Give a verbatim copy of the lines below, minus the pictures.

Source data →
────────────────────────────────────────

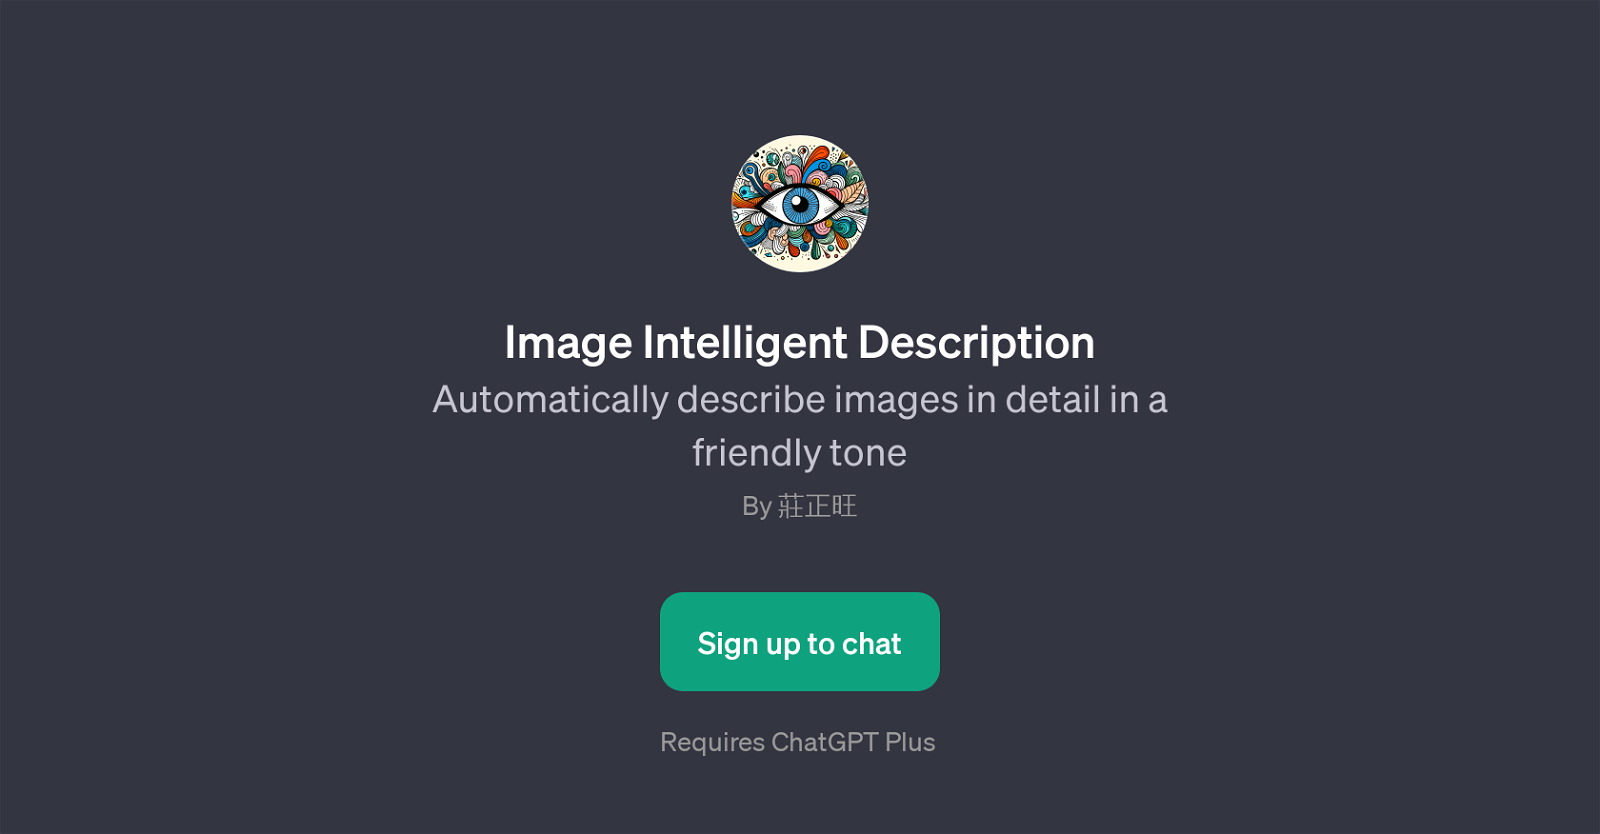 Image Intelligent Description website
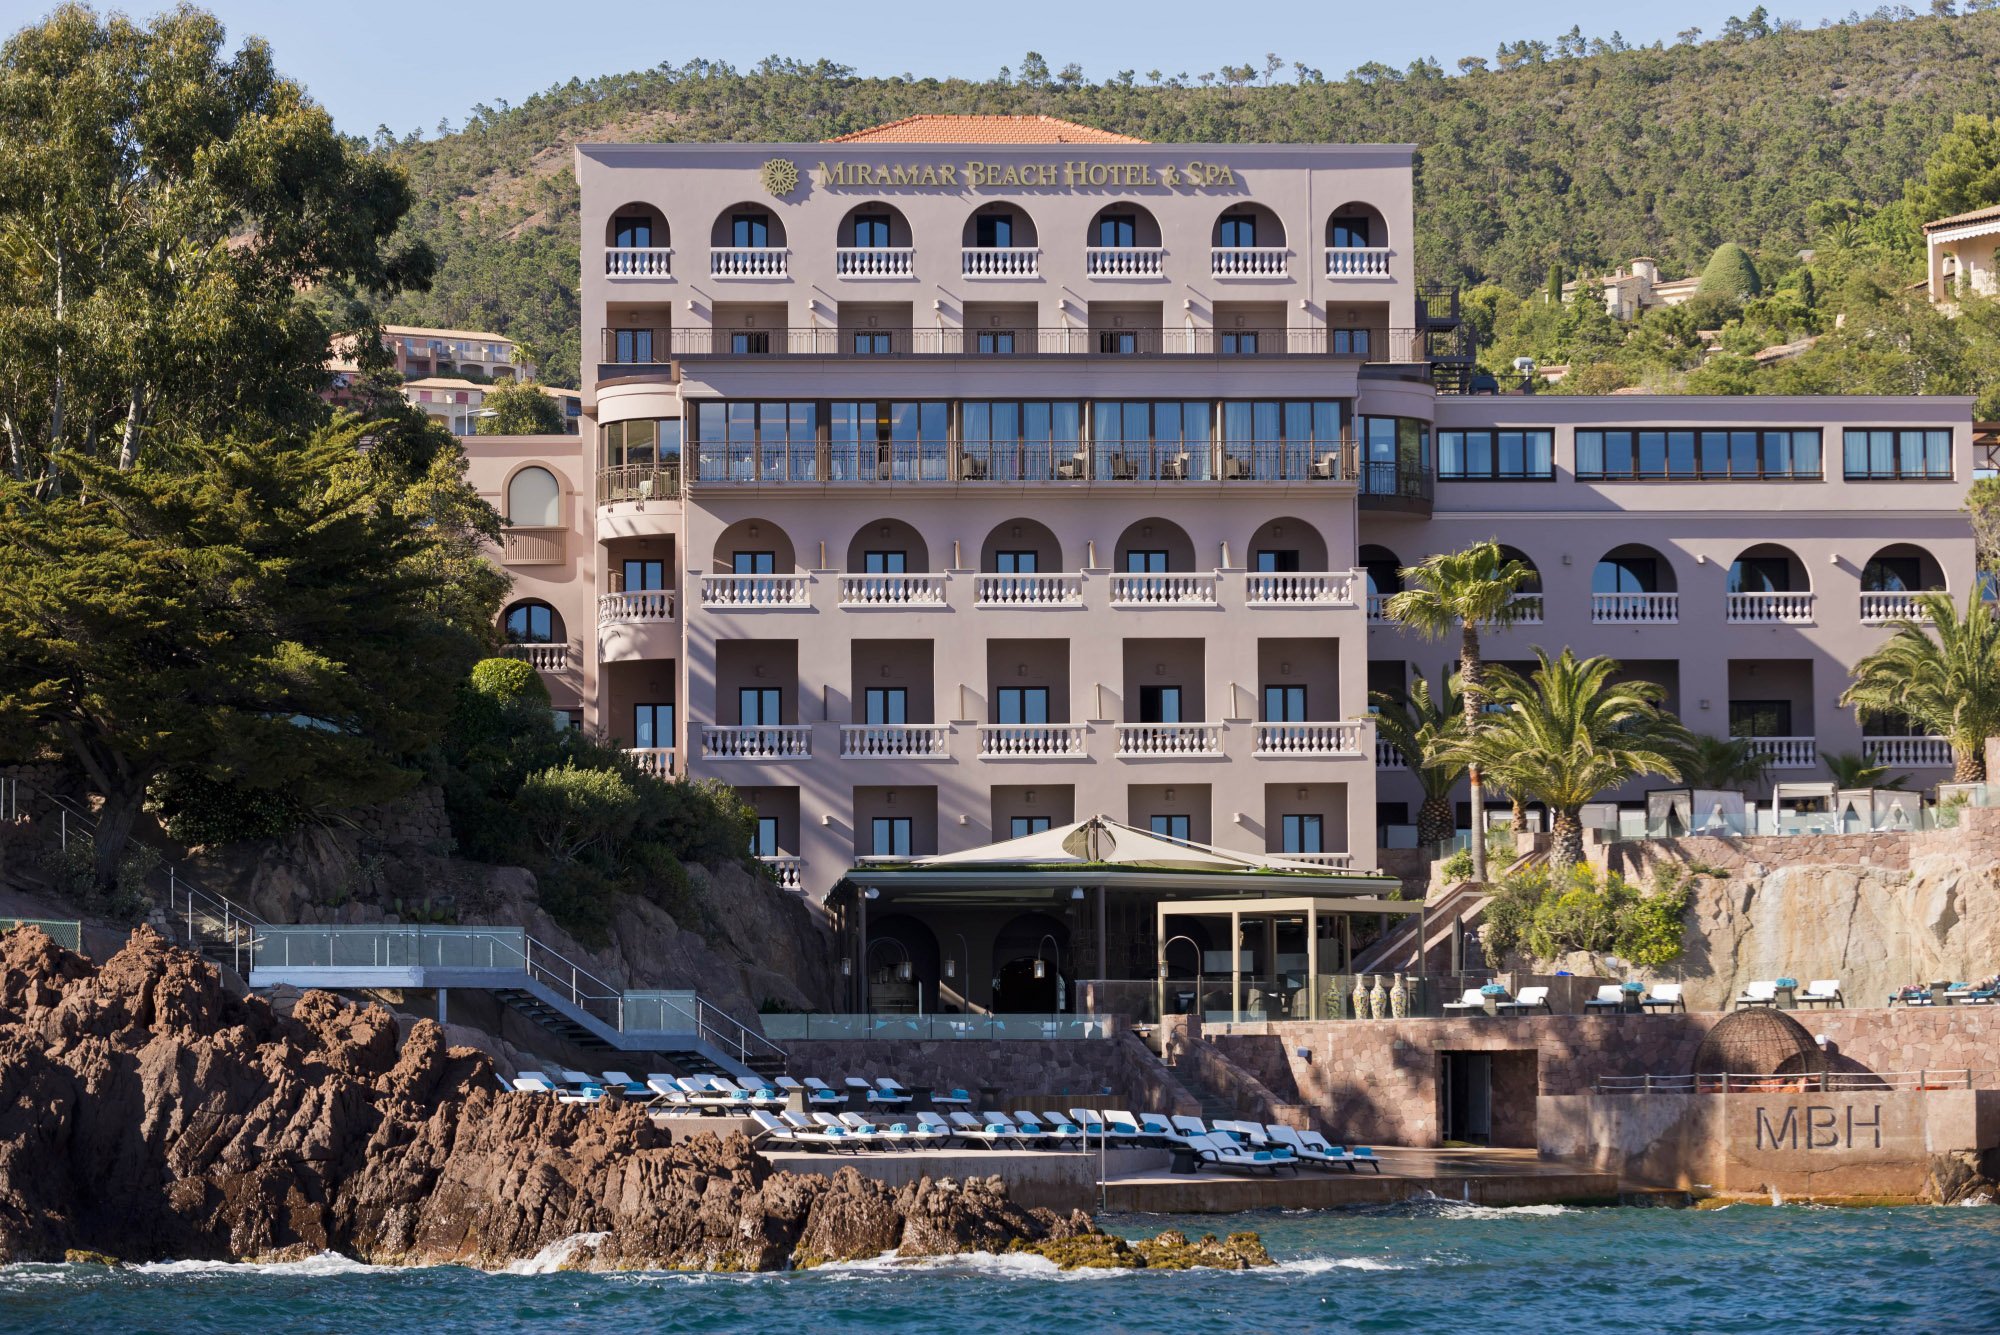 Miramar Beach Hotel & Spa | Cannes Festival
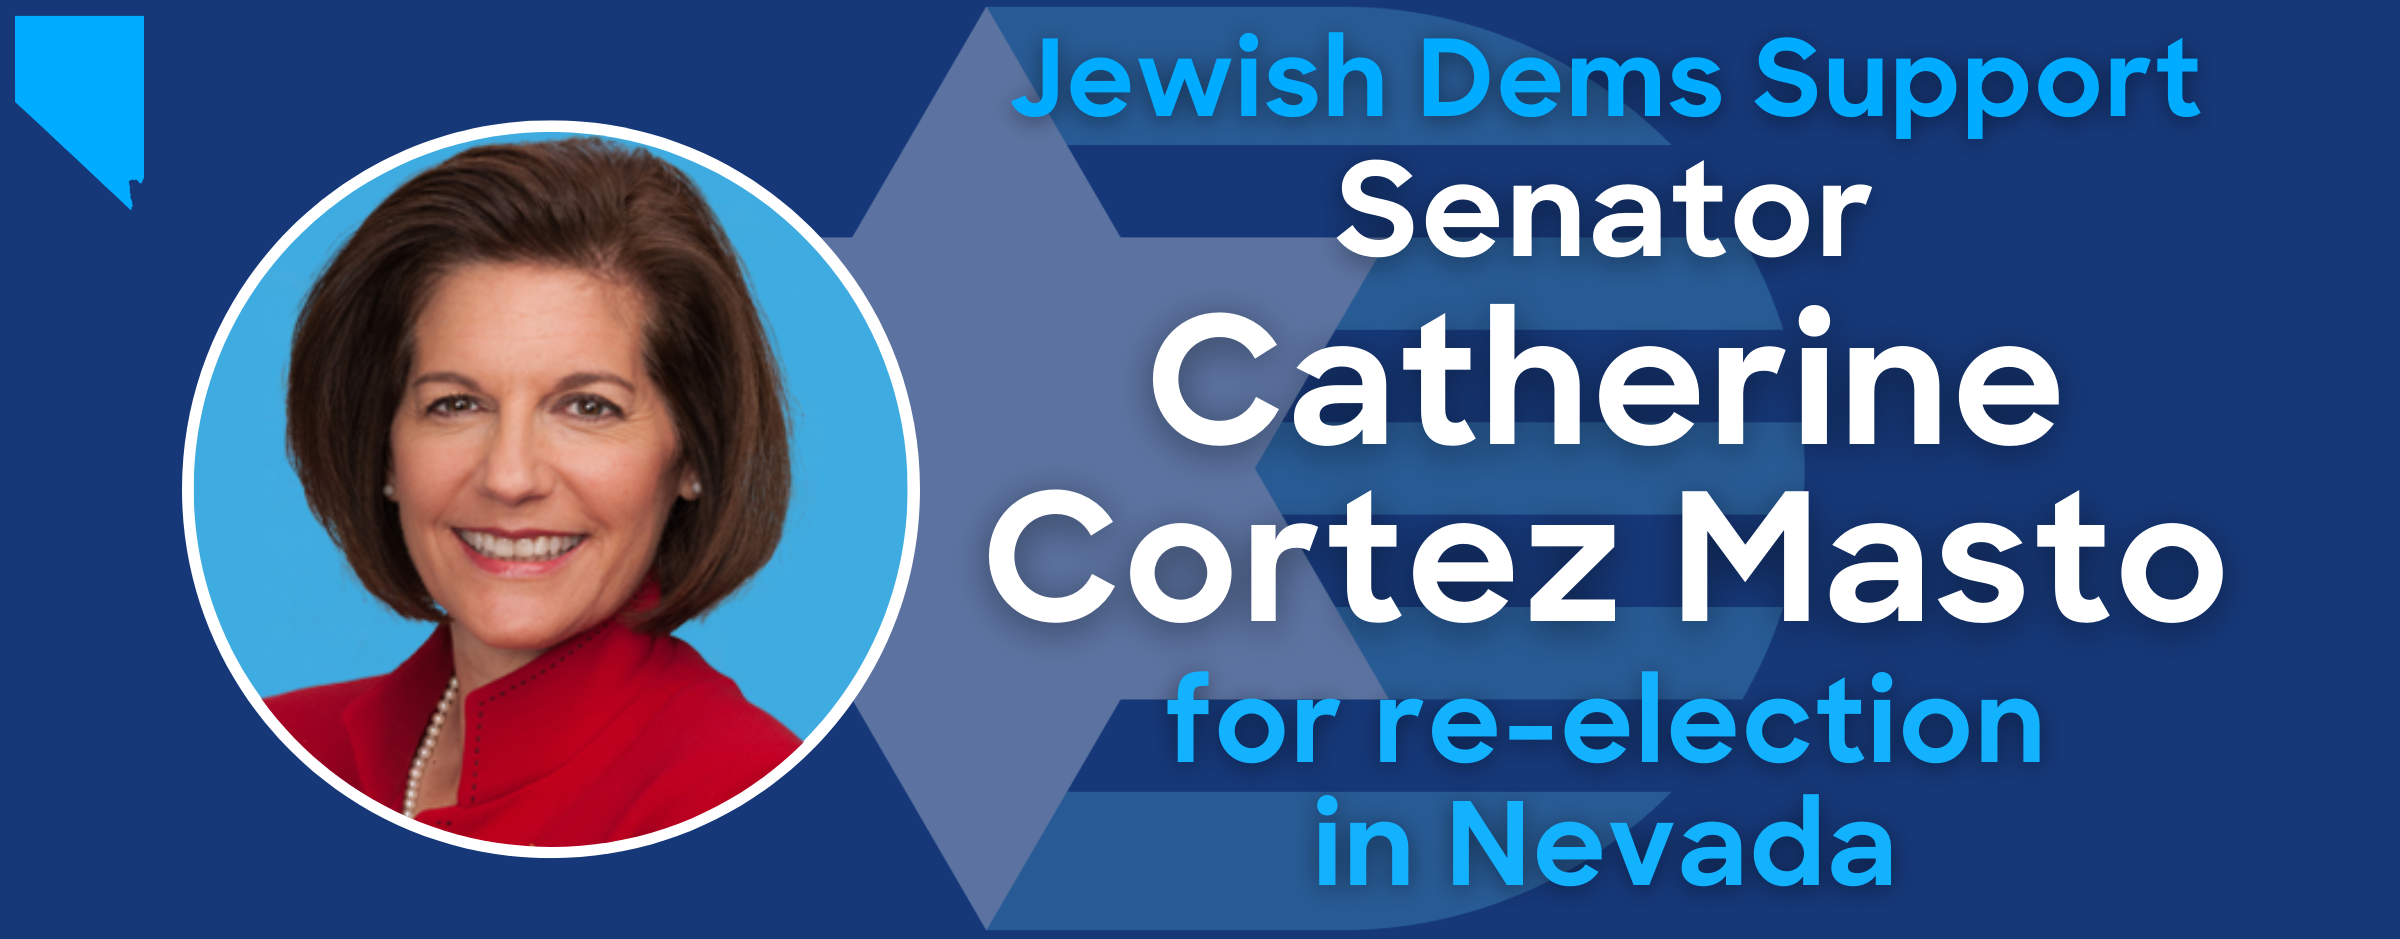 Jewish Dems Support Senator Catherine Cortez Masto for re-election in Nevada.

────────────────────────────────────────

Solution below →
 Image Intelligent Description website
 Miramar Beach Hotel & Spa | Cannes Festival
 Jewish Dems Support Senator Catherine Cortez Masto for re-election in Nevada.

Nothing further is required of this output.